A piece by famed British artist Damien Hirst was taken down after animal rights campaigners complained that a UV light inside was killing flies.
‘A Thousand Years’ (1990) features two connected glass cases, one with a box where flies and maggots hatch and another which contains a UV light.
Flies hatch and make their way toward the light before being zapped.
The iconic work was removed from display at Kunstmuseum Wolfsburg, northern Germany this week after PETA and the city’s veterinary office expressed opposition.
A tamer version of ‘A Thousand Years’ than has previously been displayed, PETA and Wolfsburg’s veterinary office nevertheless campaigned for the work to be removed – and won
Famed artist Hirst, 57, is reportedly Britain’s wealthiest living artist (file image)
They claimed the piece violated Germany’s Animal Welfare Act, which outlawed the killing or harming of animals ‘without good reason’.
A PETA representative said: ‘Killing animals has nothing to do with art, it just shows the arrogance of people who literally will stop at nothing for their own interests.’
Museum director Andreas Beitin said: ‘We thought that flies didn’t come under the Animal Welfare Act.’

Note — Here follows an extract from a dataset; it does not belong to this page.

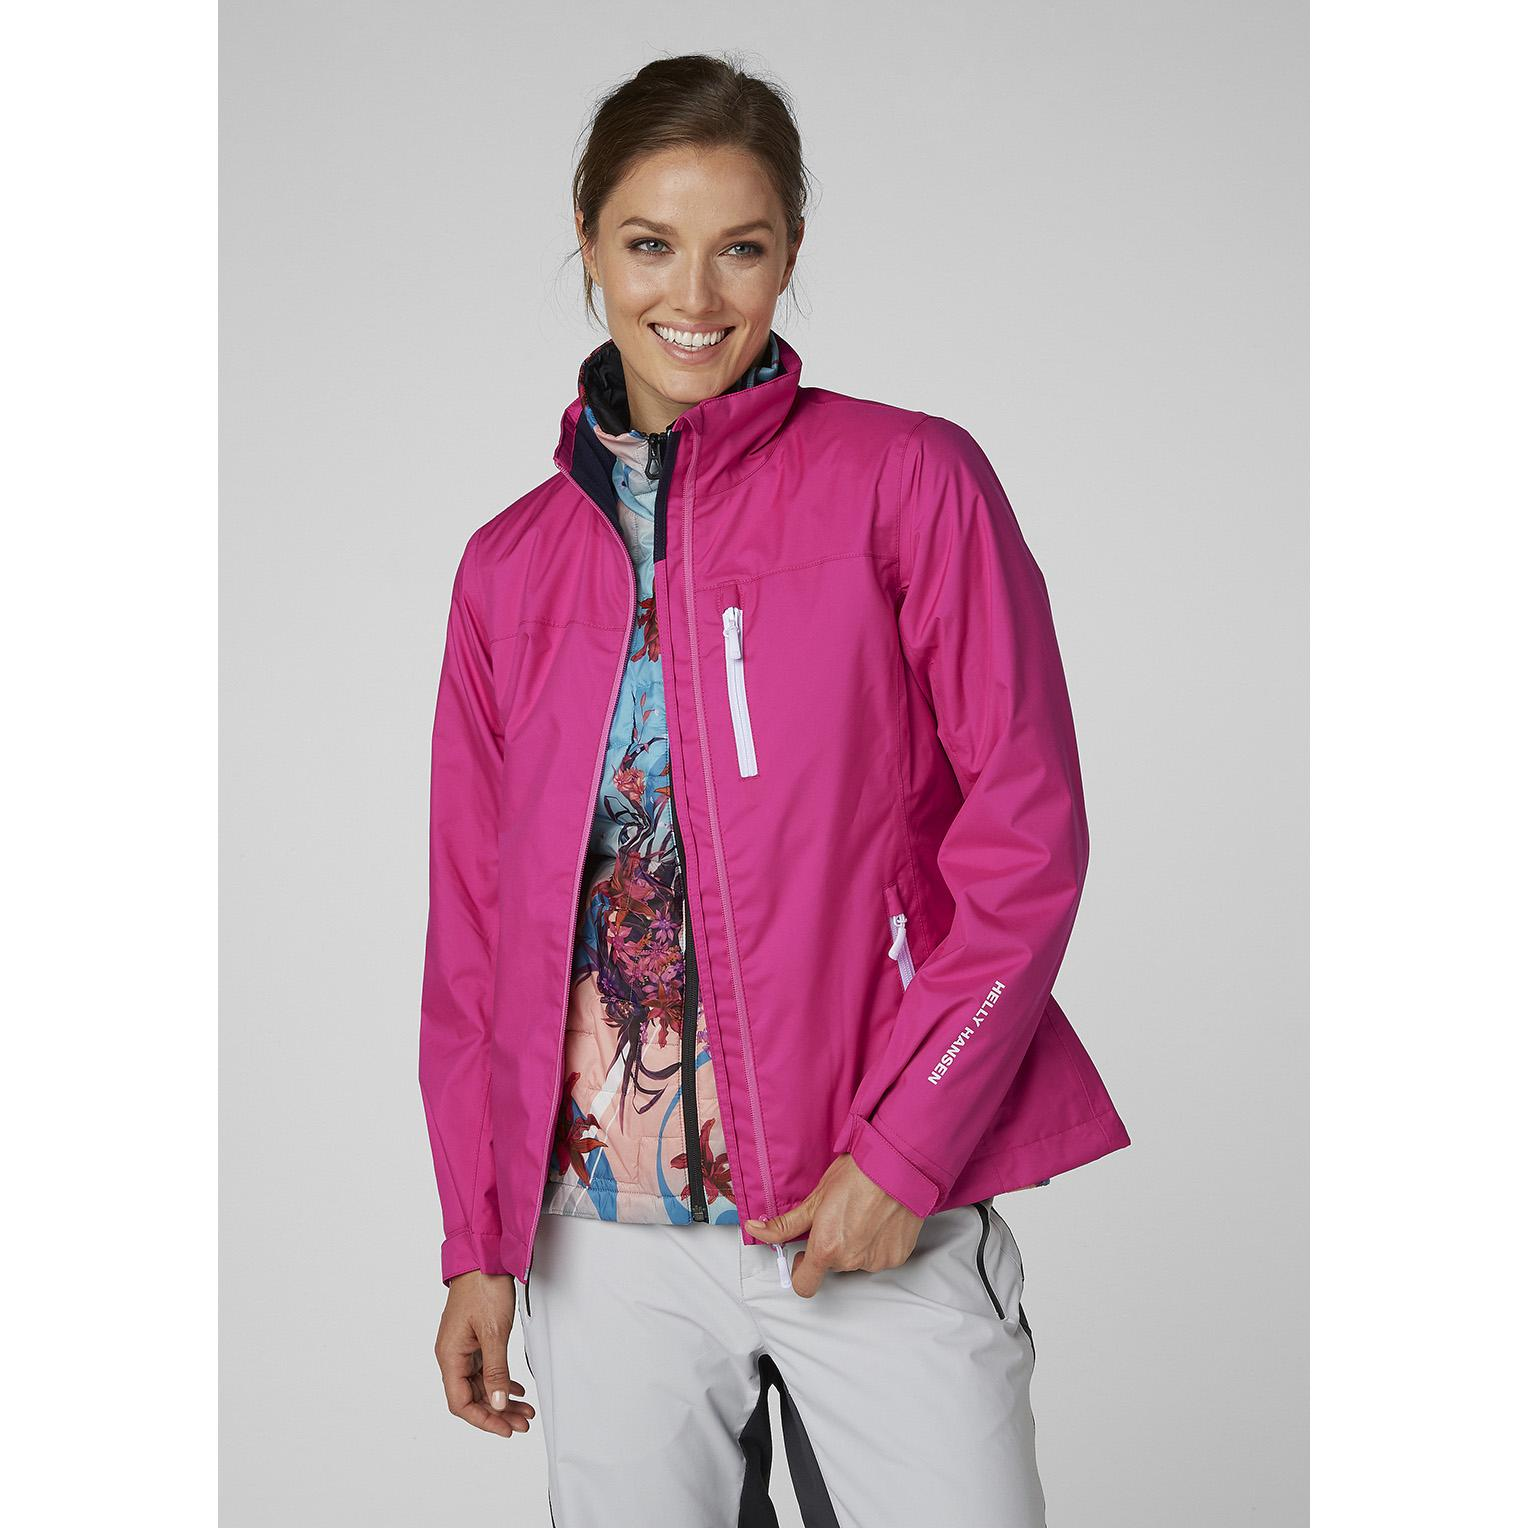 046bc85e7 Lyst - Helly Hansen W Crew Midlayer Jacket in Pink

Previous versions of the work have included a rotting cow’s head below the light, but this did not feature at the Kunstmuseum display.
Mr Hirst, whose work is often centred around death, has described the piece as ‘a life cycle in a box’.
It’s thought the British artist’s works have featured one million dead animals, most of them insects.
His most famous work, ‘The Physical Impossibility of Death in the Mind of Someone Living’ (1991), is a preserved tiger shark encased in glass.
Legend has it that post-war painter and Hirst’s hero Francis Bacon once studied A Thousand Years for more than an hour.
The piece was first displayed at Bermondsey gallery Building One in 1990.
Hirst’s collector and former friend Charles Saatchi reportedly stared open-mouthed at the work when it was first unveiled – before buying it.
A rotting cow’s head featured prominently in a version unveiled at Tate Modern ten years ago
Hirst poses with the encased tiger shark, his most famous work, at Tate Modern in April 2012
More than 9,000 butterflies were killed during the six-month run of ‘In and Out of Love’ at Tate Modern in 2012.
The RSPCA slammed the ‘so-called “art exhibition”‘ and said: ‘There would be national outcry if such an exhibition involved any other animal – such as a dog.
‘Just because it is butterflies we are talking about here, doesn’t mean they don’t deserve to be treated with kindness.’